REQUIRED ACTION
Leaving out the images, return the data below exactly as it is written.

DATA SECTION

►

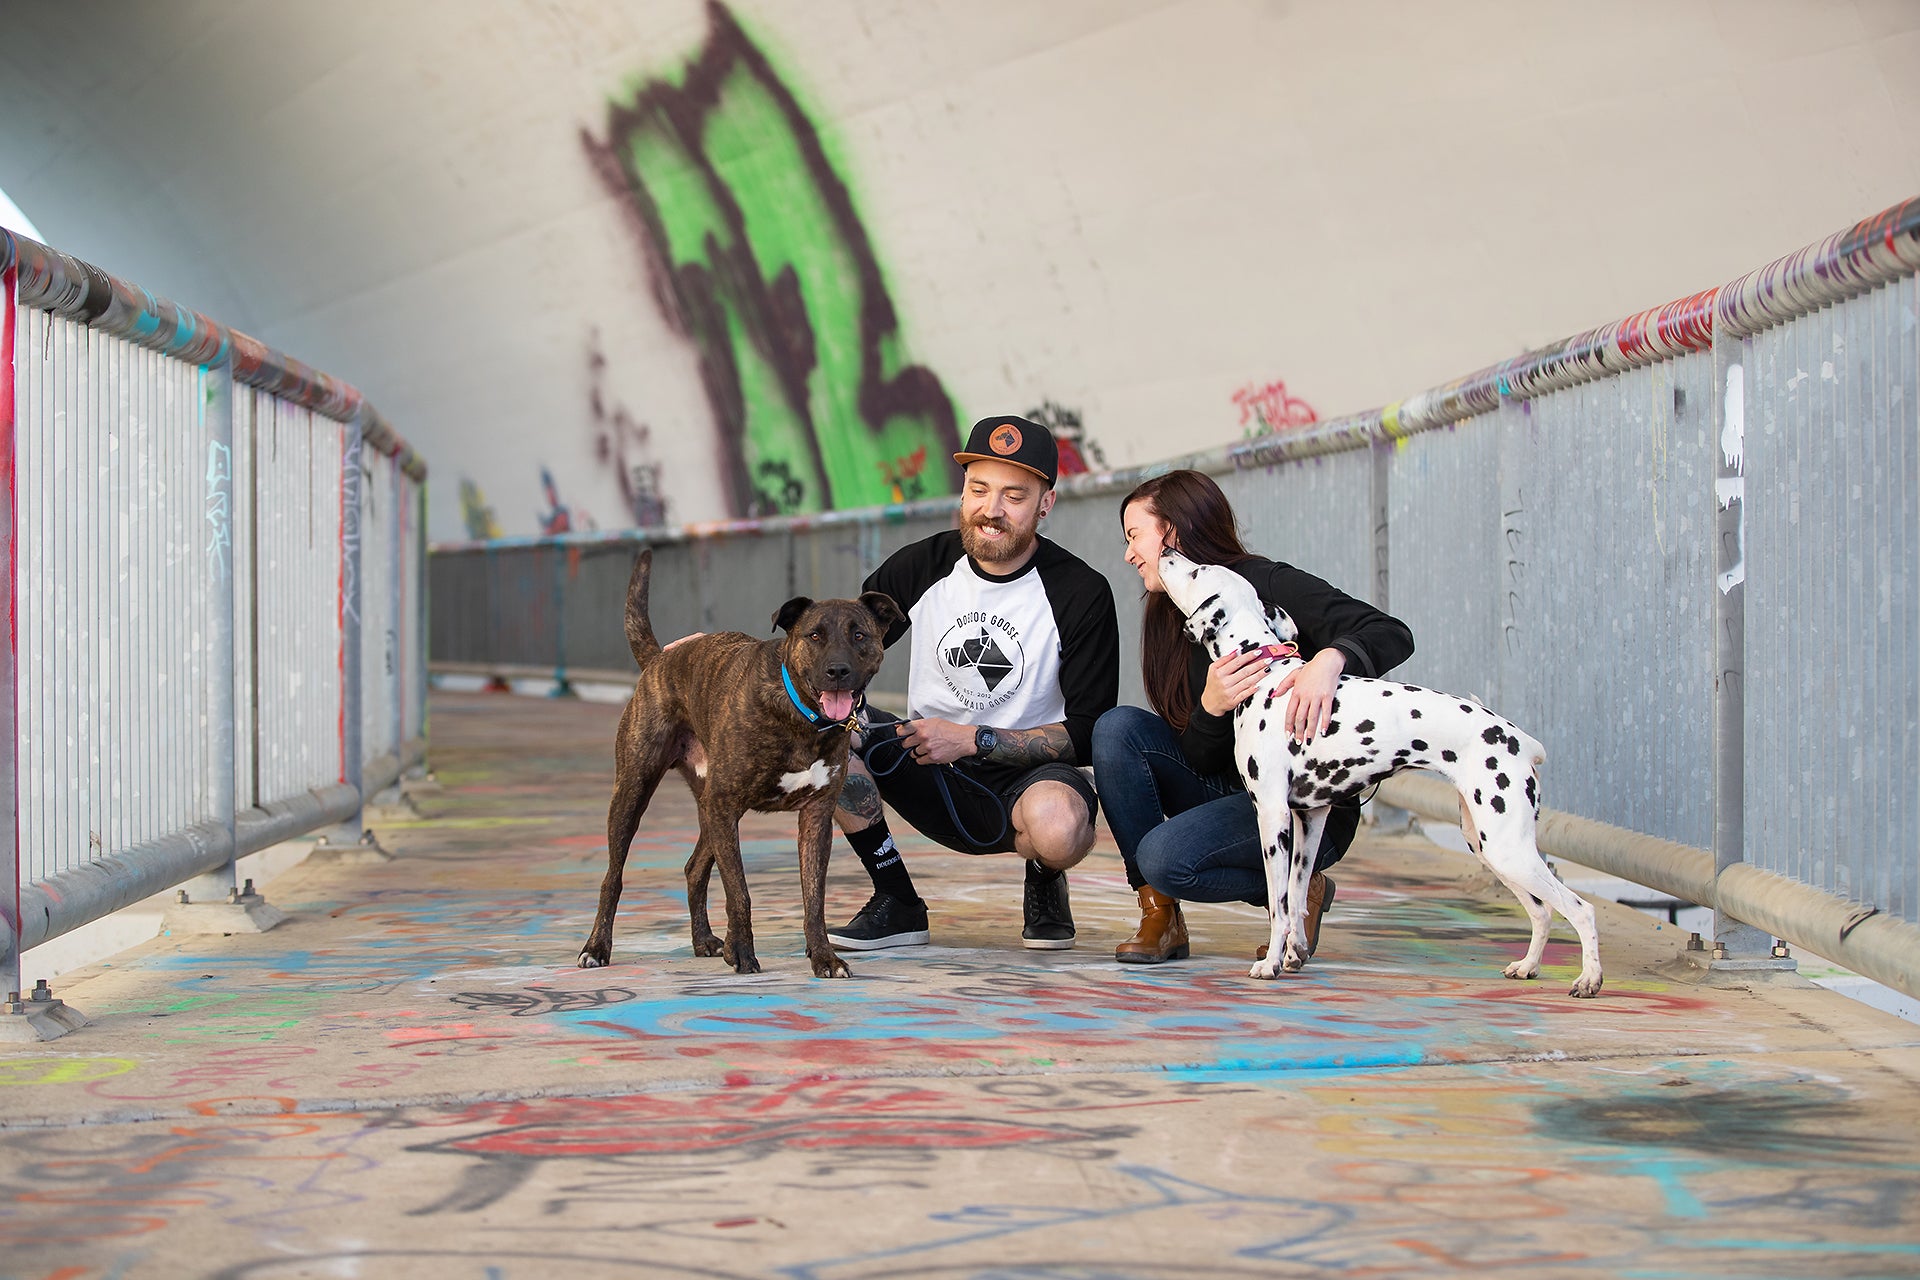 Man and woman crouching with two dogs - brindle mixed breed and Dalmatian.
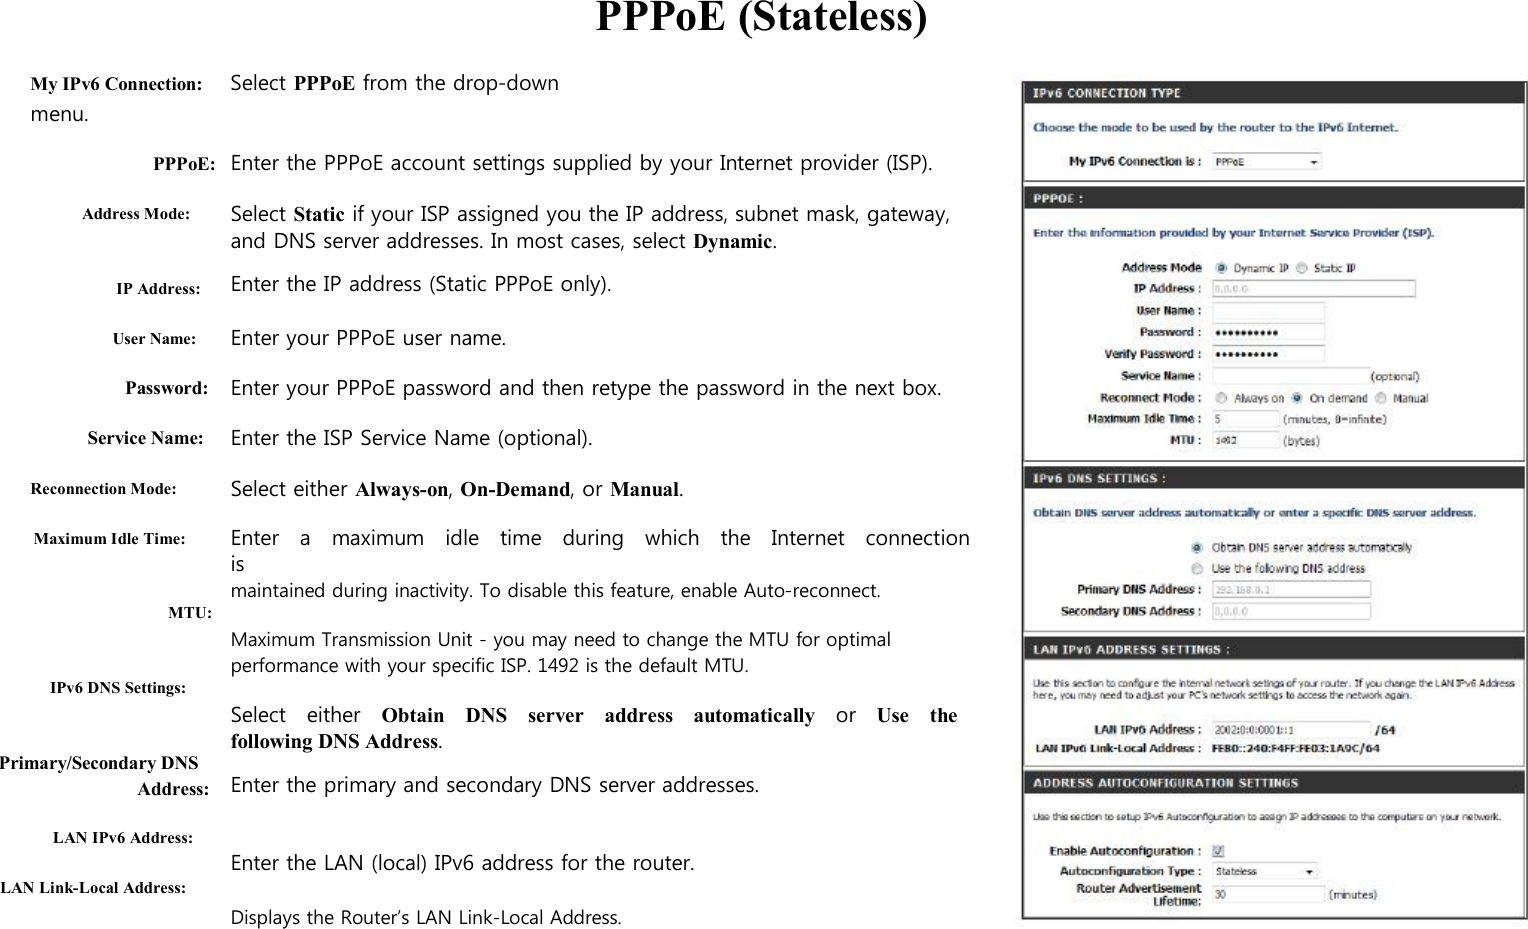      My IPv6 Connection: Select PPPoE from the drop-down menu.   PPPoE (Stateless)  PPPoE:  Address Mode:   IP Address:  User Name:  Password:  Service Name:  Reconnection Mode:  Maximum Idle Time:   MTU:   IPv6 DNS Settings:   Primary/Secondary DNS Address:  LAN IPv6 Address:  LAN Link-Local Address:  Enter the PPPoE account settings supplied by your Internet provider (ISP).  Select Static if your ISP assigned you the IP address, subnet mask, gateway,   and DNS server addresses. In most cases, select Dynamic. Enter the IP address (Static PPPoE only).  Enter your PPPoE user name.  Enter your PPPoE password and then retype the password in the next box.  Enter the ISP Service Name (optional).  Select either Always-on, On-Demand, or Manual.  Enter    a    maximum    idle    time    during    which   the    Internet    connection   is maintained during inactivity. To disable this feature, enable Auto-reconnect.  Maximum Transmission Unit - you may need to change the MTU for optimal performance with your specific ISP. 1492 is the default MTU.  Select    either    Obtain    DNS    server    address    automatically    or    Use    the following DNS Address. Enter the primary and secondary DNS server addresses.   Enter the LAN (local) IPv6 address for the router.  Displays the Router’s LAN Link-Local Address.                     
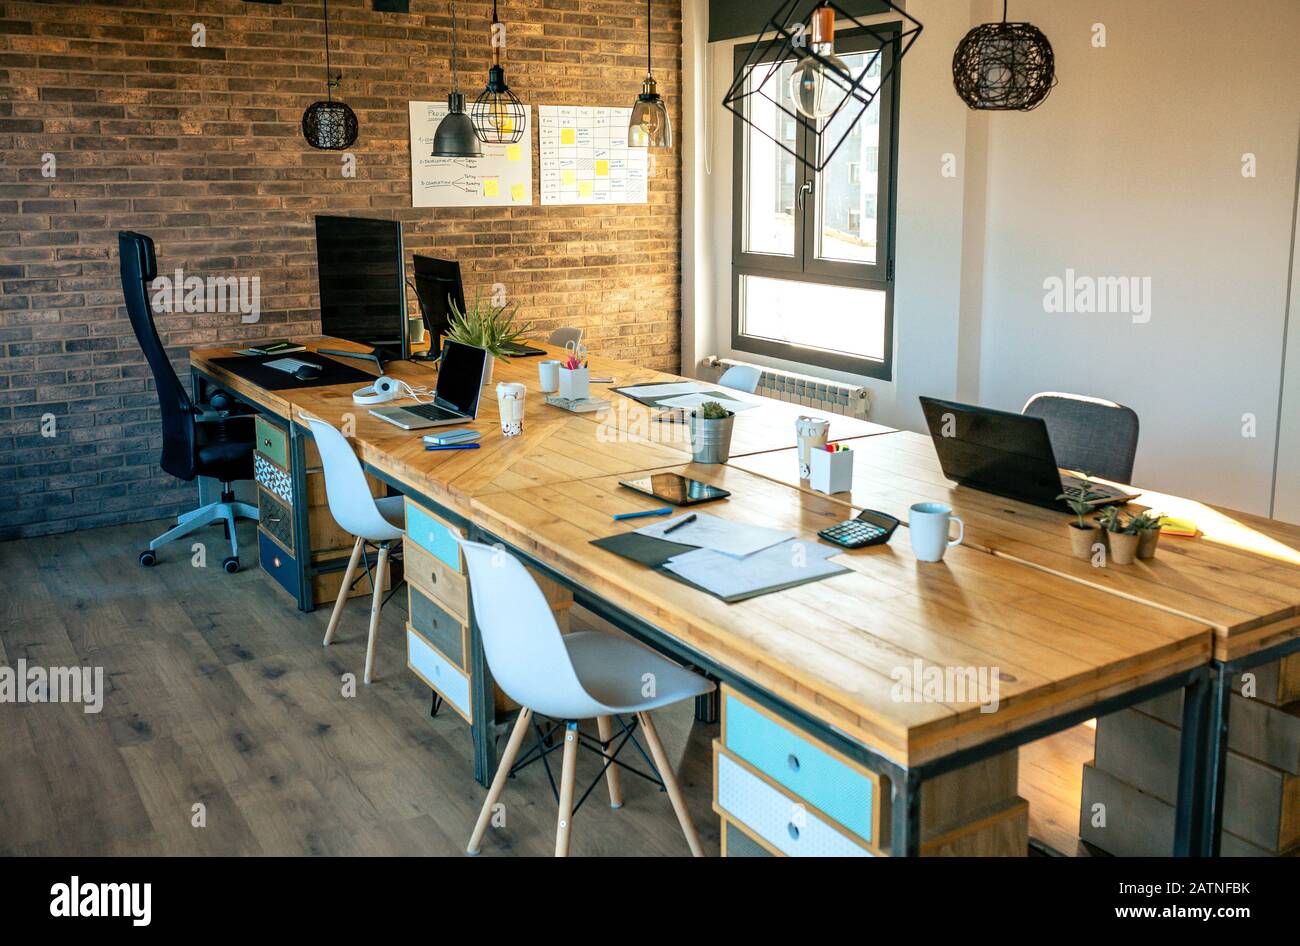 Interior Of Industrial Style Coworking Office Stock Photo

◄

ANSWER FOR THE TASK
 Man and woman crouching with two dogs - brindle mixed breed and Dalmatian.
      My IPv6 Connection: Select PPPoE from the drop-down menu.   PPPoE (Stateless)  PPPoE:  Address Mode:   IP Address:  User Name:  Password:  Service Name:  Reconnection Mode:  Maximum Idle Time:   MTU:   IPv6 DNS Settings:   Primary/Secondary DNS Address:  LAN IPv6 Address:  LAN Link-Local Address:  Enter the PPPoE account settings supplied by your Internet provider (ISP).  Select Static if your ISP assigned you the IP address, subnet mask, gateway,   and DNS server addresses. In most cases, select Dynamic. Enter the IP address (Static PPPoE only).  Enter your PPPoE user name.  Enter your PPPoE password and then retype the password in the next box.  Enter the ISP Service Name (optional).  Select either Always-on, On-Demand, or Manual.  Enter    a    maximum    idle    time    during    which   the    Internet    connection   is maintained during inactivity. To disable this feature, enable Auto-reconnect.  Maximum Transmission Unit - you may need to change the MTU for optimal performance with your specific ISP. 1492 is the default MTU.  Select    either    Obtain    DNS    server    address    automatically    or    Use    the following DNS Address. Enter the primary and secondary DNS server addresses.   Enter the LAN (local) IPv6 address for the router.  Displays the Router’s LAN Link-Local Address.                     
 Interior Of Industrial Style Coworking Office Stock Photo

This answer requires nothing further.